Interpretable NLG for Task-oriented Dialogue Systems with Heterogeneous Rendering Machines
This work is significant for researchers and developers working on task-oriented dialogue systems, offering a way to understand and potentially debug neural NLG models, which are typically black boxes.
This paper addresses the lack of interpretability in end-to-end neural networks for natural language generation (NLG) in task-oriented dialogue systems. They propose a framework called Heterogeneous Rendering Machines (HRM) which achieves competitive performance with state-of-the-art methods on 5 benchmark datasets while providing interpretability.

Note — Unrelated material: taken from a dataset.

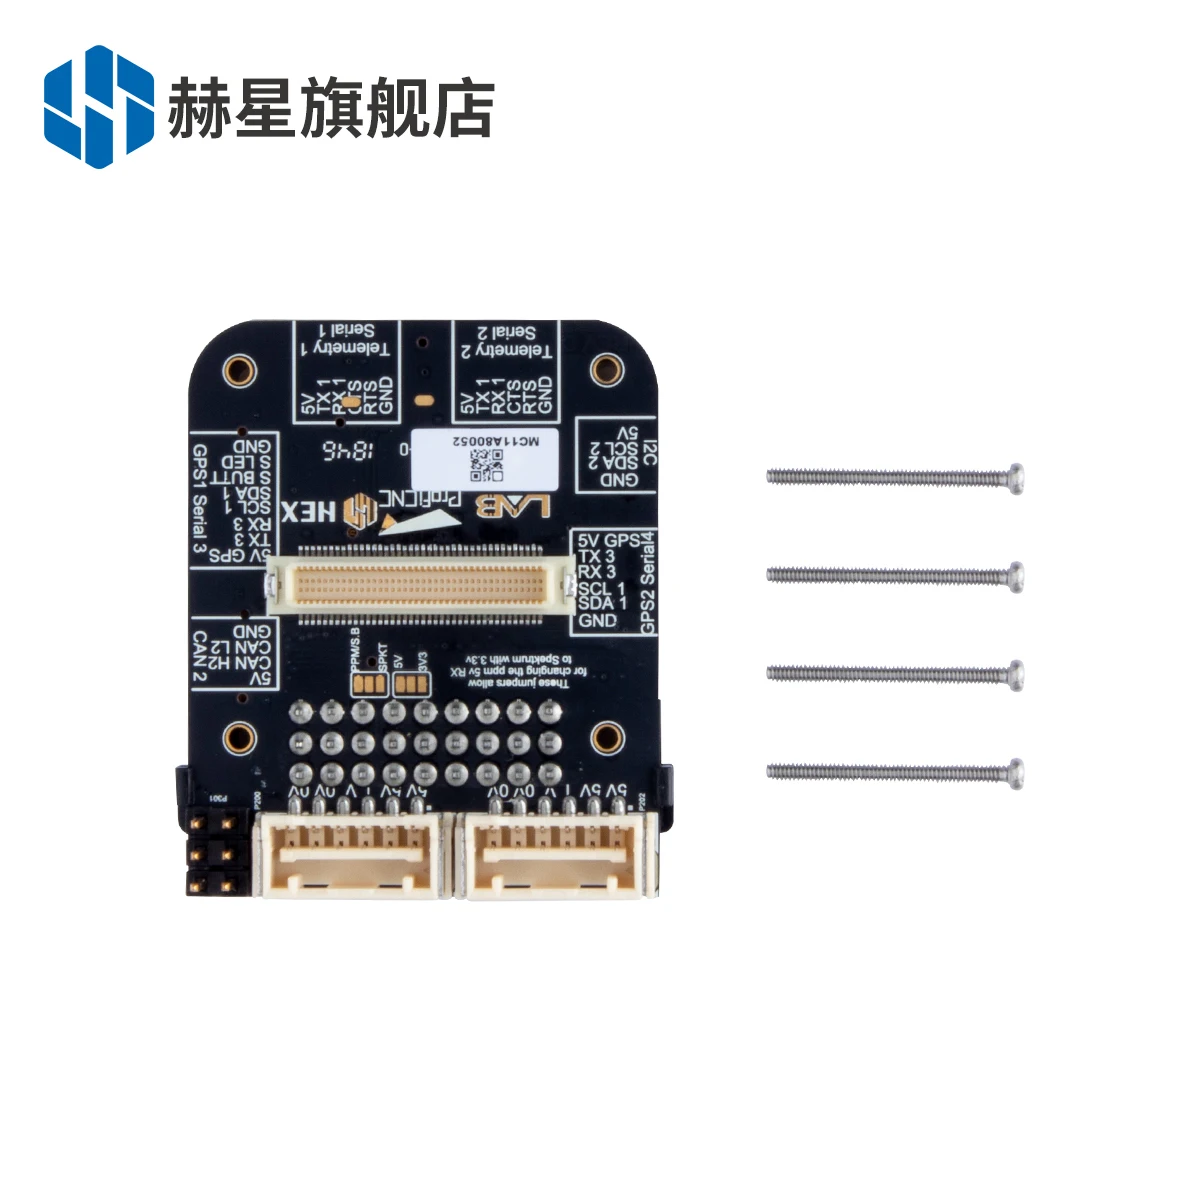 

HEX Hexing Pixhawk Mini Mini Carrier Board Adapted to Cube Main Control Module Unmanned Vehicle Flight Control Carrier Board

End-to-end neural networks have achieved promising performances in natural language generation (NLG). However, they are treated as black boxes and lack interpretability. To address this problem, we propose a novel framework, heterogeneous rendering machines (HRM), that interprets how neural generators render an input dialogue act (DA) into an utterance. HRM consists of a renderer set and a mode switcher. The renderer set contains multiple decoders that vary in both structure and functionality. For every generation step, the mode switcher selects an appropriate decoder from the renderer set to generate an item (a word or a phrase). To verify the effectiveness of our method, we have conducted extensive experiments on 5 benchmark datasets. In terms of automatic metrics (e.g., BLEU), our model is competitive with the current state-of-the-art method. The qualitative analysis shows that our model can interpret the rendering process of neural generators well. Human evaluation also confirms the interpretability of our proposed approach.